For this project, Adobe Acrobad DC was used to apply optical character recognition (OCR) to the ICE modified files. Once OCR was appled, the [Tabula](https://tabula.technology/) application GUI was used to create a table extraction template. This template, saved as a .json file was placed into the project's document directory while OCR'd pdfs were placed into a data directory. This script was then used to call the `tabula.read_pdf_with_template()` function to apply the template to each pdf contained in the data directory. Each pdf contains multiple tables, each of which is best broken down into smaller component parts to avoid regognition errors. In this case, there are six individual compoent tables several of which need to be merged manually by analysts. Python was instructed to create individual .csv files for each of the component tables defined in the tabula template file.

# Additional Notes

Initially, the code below was developed and run in RStudio as part of an R Markdown file as most of the project analysis takes place within R. However, debugging proved difficult as RStudio was not particuarly verbose with error reporting. Development of the script shifted to Jupyter, and forms this document. Some of the pdf files generated errors. The cause of this is still not identified, and it bears mention that these files also generate errors when the template is applied to the tabula GUI interface, but that creating extraction zones specific to the files seems to generate desired output. The problematic files will be processed individually by hand. Lastly, there is an R library for tabula called `tabulizer`. However, as of the development of this script it did not yet appear to incorporate the use of template files. Therefore, the decision was made to use tabula-py.

In [2]:
# Import libraries
import pandas as pd
import tabula
import os

In [32]:
# get list of files in data directory, removing the file extension
listdir =os.listdir("./data/")
filelist=[x.split('.')[0] for x in listdir]

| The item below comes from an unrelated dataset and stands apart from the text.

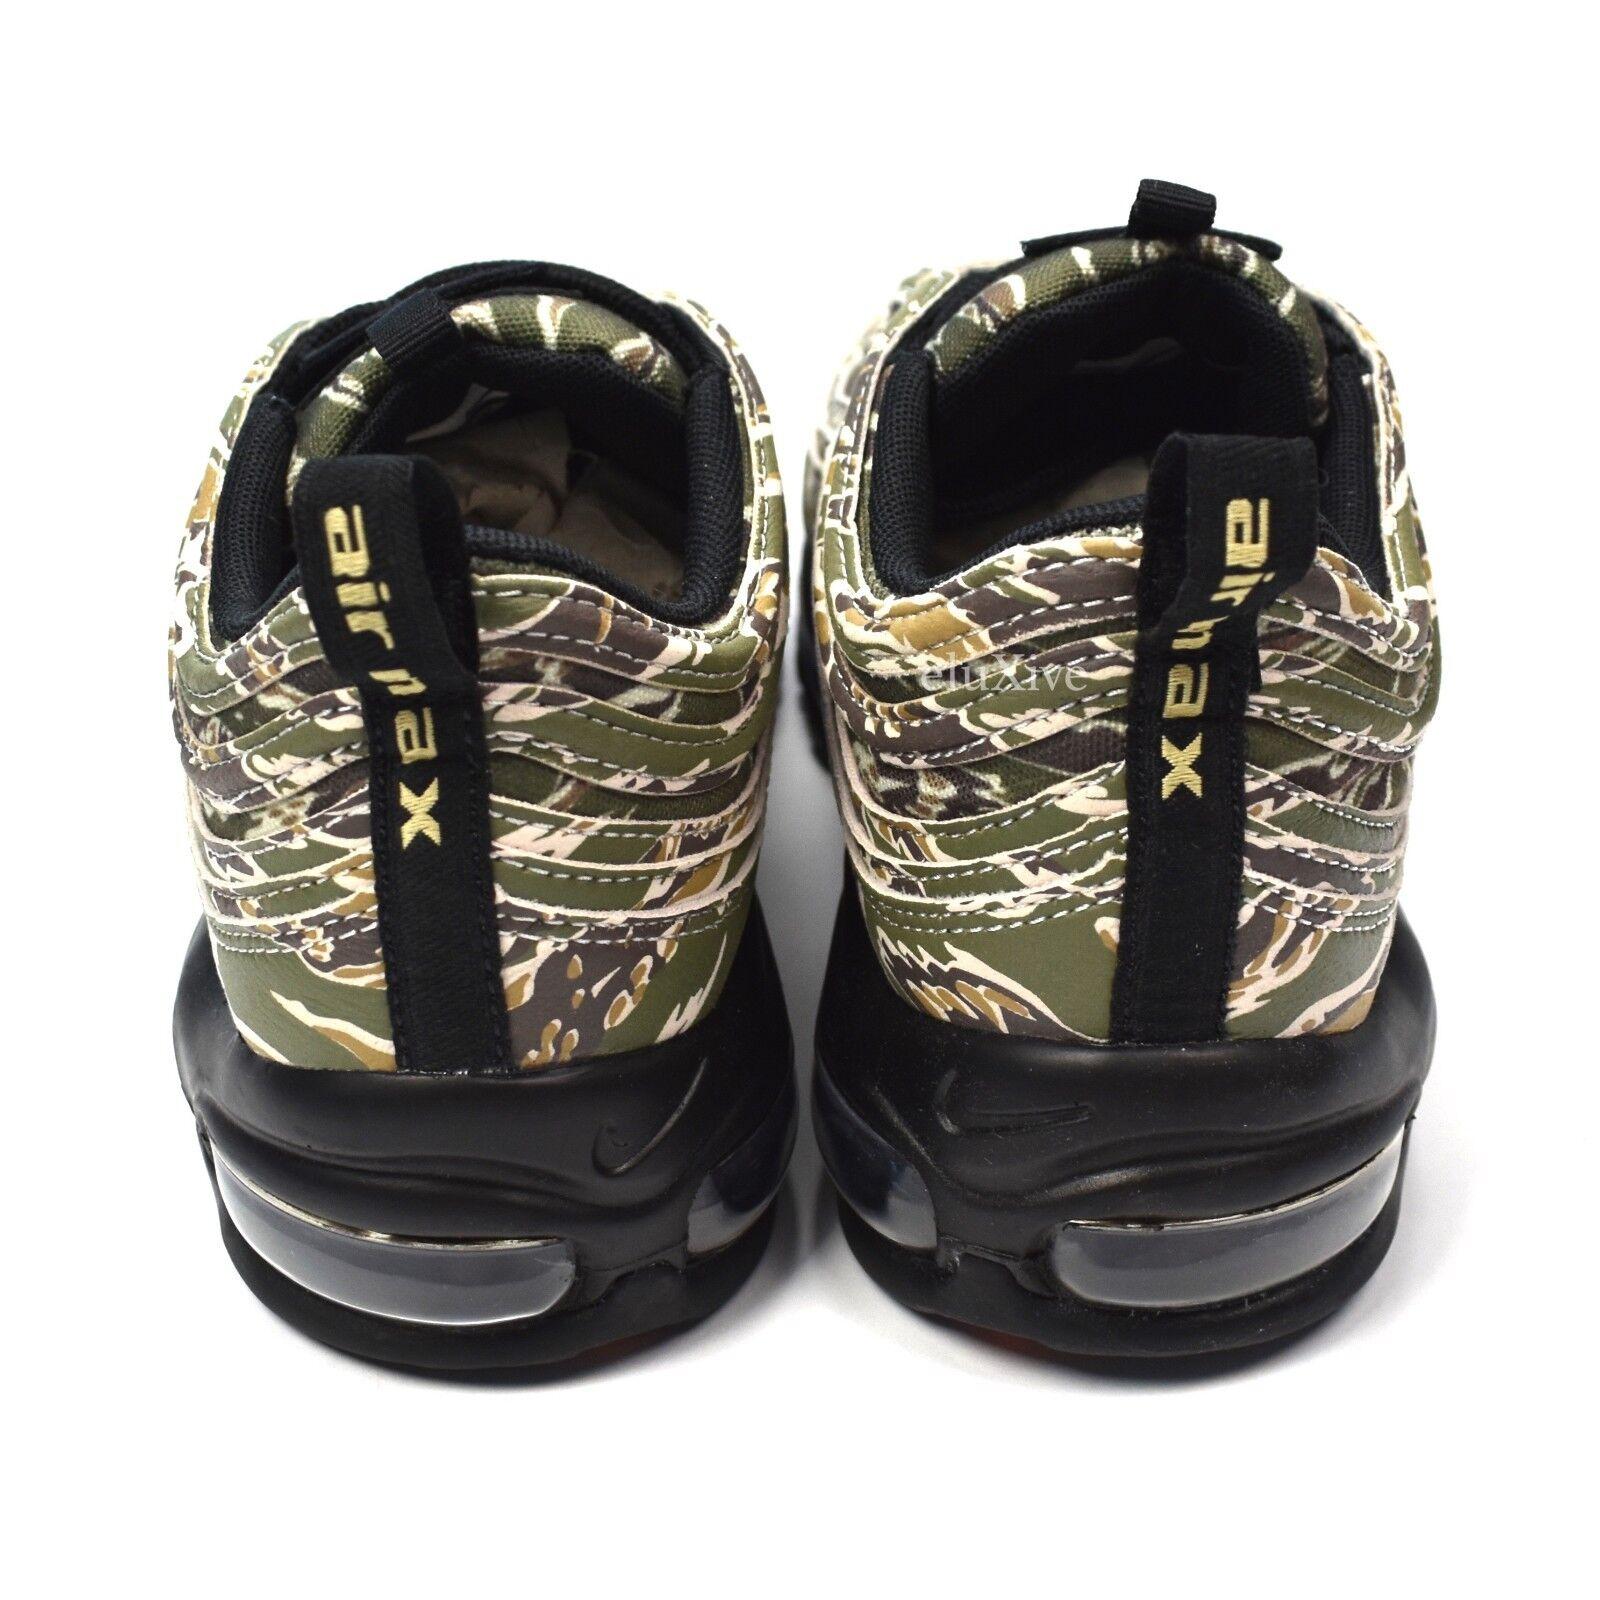 lower price with da1c4 8ac92 ... NWT Nike Air Max 97 país Camo Usa Usa Usa American Flag Hombres  Zapatillas Authentic casual ...

# process the pdf files in a for loop and write csv files for each table
for file in filelist:

    output = tabula.read_pdf_with_template(
      input_path="./data/" + file + ".pdf",
      template_path="./docs/templates/2021-SIS-v2.tabula-template.json", 
      pandas_options= {"header":None})

    #output_df = output[0].append(output[1])
    output[0].to_csv("./data/" + file + "_A.csv")
    output[1].to_csv("./data/" + file + "_B.csv")
    output[2].to_csv("./data/" + file + "_C.csv")
    output[3].to_csv("./data/" + file + "_D.csv")
    output[4].to_csv("./data/" + file + "_E.csv")
    output[5].to_csv("./data/" + file + "_F.csv")